We notice that the model-based point estimates include negative predicted values (min = -2.19) for our variable of interest despite the fact that we are modelling a proportion that obviously should be between 0 and 1. This is a consequence of using a model that does not fit well and illustrates the importance of using model diagnostics.

As a result, in order for the model to better fit the data we are going to try using an arcsin transformation. The arcsin transformation is often used when data is in the form of percentages or proportions that are close to either 0 or 1. The transformation stabilizes the variance of data that follows a binomial distribution, especially when the proportions are close to the boundaries of 0 or 1, as is the case here since `binary_wealth`

is a variable indicating the percentage or proportion of households in each area that are in poverty. Using this transformation requires additional arguments, namely the effective sample size which, as discussed earlier, is defined by the sample size divided by the design effect, as well as the type of backtransformation.

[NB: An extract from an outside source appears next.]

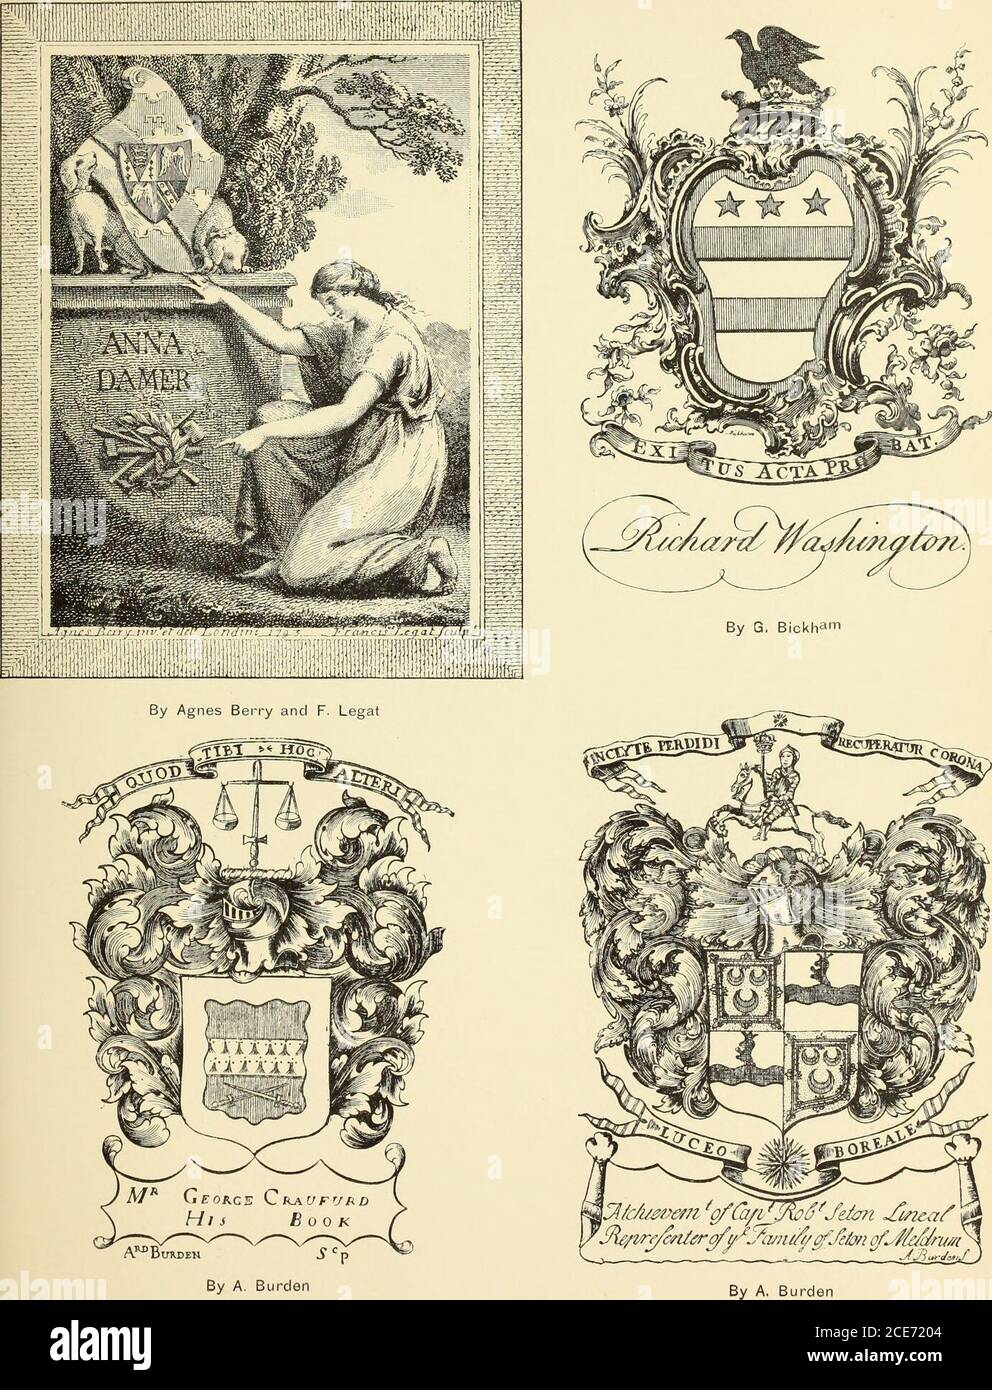 . Artists and engravers of British and American book plates : a book of reference for book plate and print collectors . t^nip. 1770 dhhii^o yrxtj^ uiiiLcu OL»iLCo. see Cr. C omitn £31110 W Mich. H. Fitzpatrick BlllOW sc. J. cbLOUIl 1 / ou Birch (Miss) B. A. Heywood Pictorial Bird, Boston, United States. See E. D. French Bird (C.) Edward Greenfield Doggett & Hugh Greenfield Doggett C. Bird 1093 Pictorial 1893 uiiicii, -L.U11UU11. see 1. btotnara Black (T.), Calcutta C. Layton Engraved by T. Black. Cal. Armorial 1820 Blades and Co. (William), London Salomans Bequest, 1873, Library of the Corpora Stock Photo
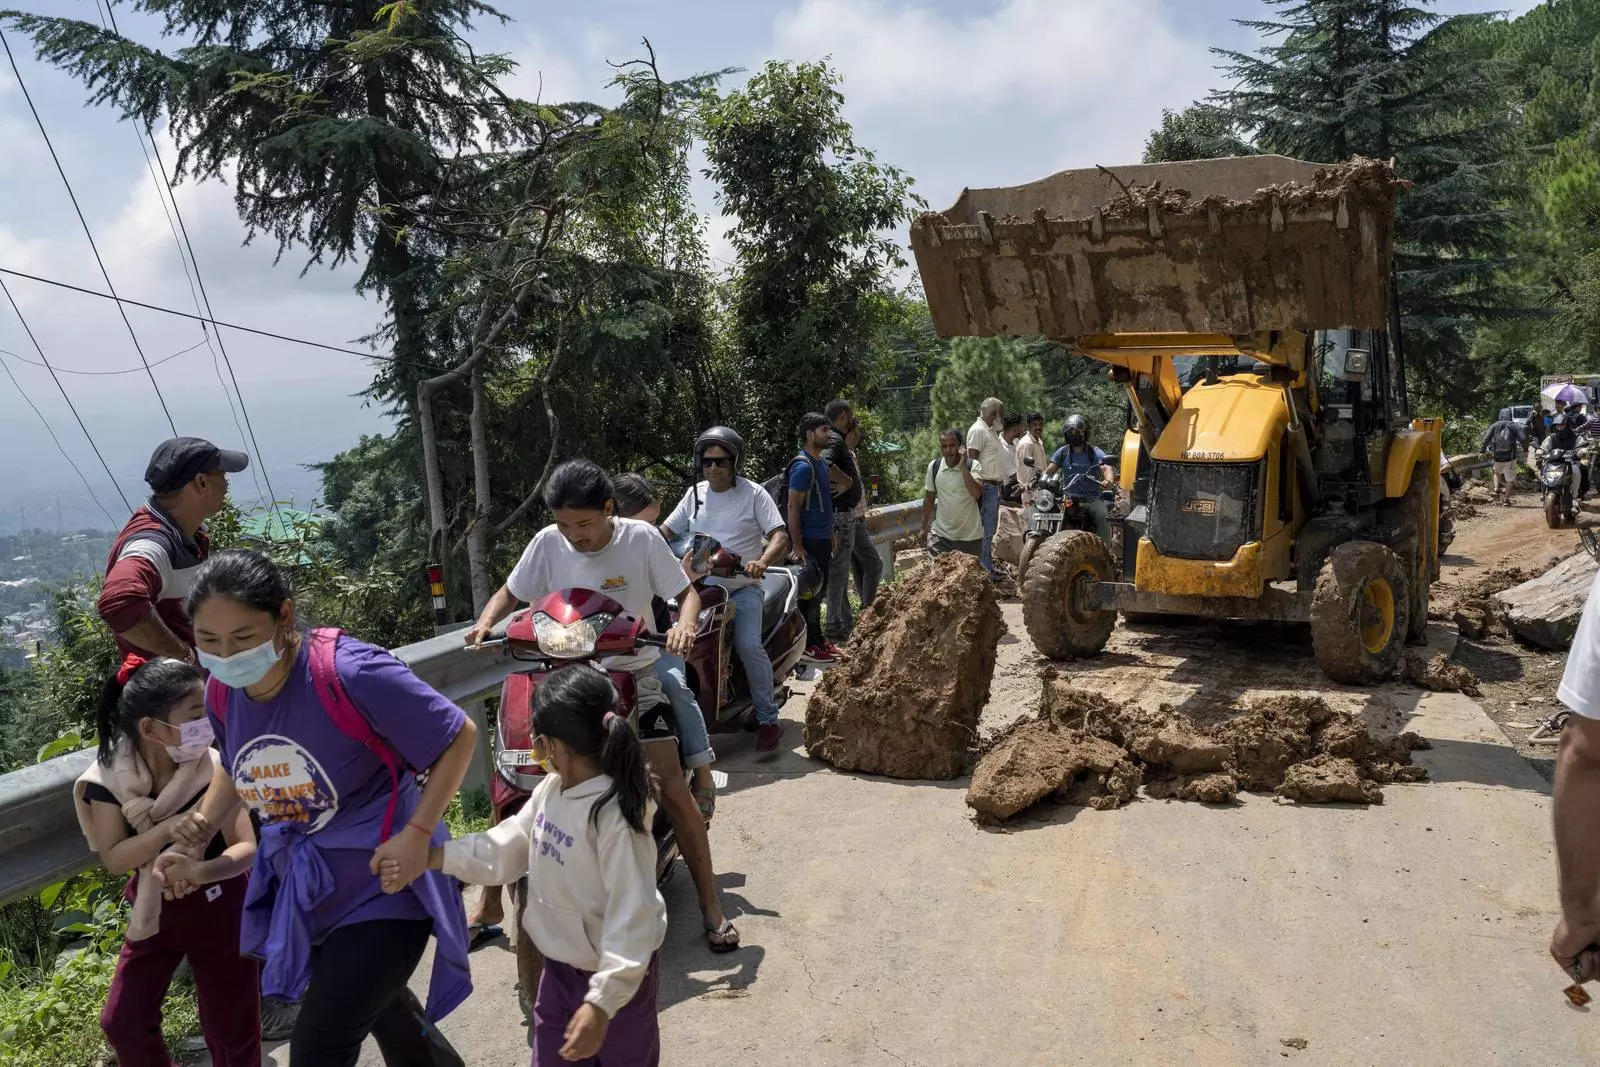 People rush past an earthmover clearing a road of a big rock in Dharamshala due to monsoons.

First of all, in order to do this, we need to generate the argument relating to the effective sample size. To do this you first calculate how many households have been surveyed in each upazila from the initial DHS survey. You then load the design effect that we calculated in step 2. The number of households per upazila is then divided by the design effect in order to calculate the effective sample size.

You can then merge this with the `new_df`

we are using to make sure we have all these variables in one dataset.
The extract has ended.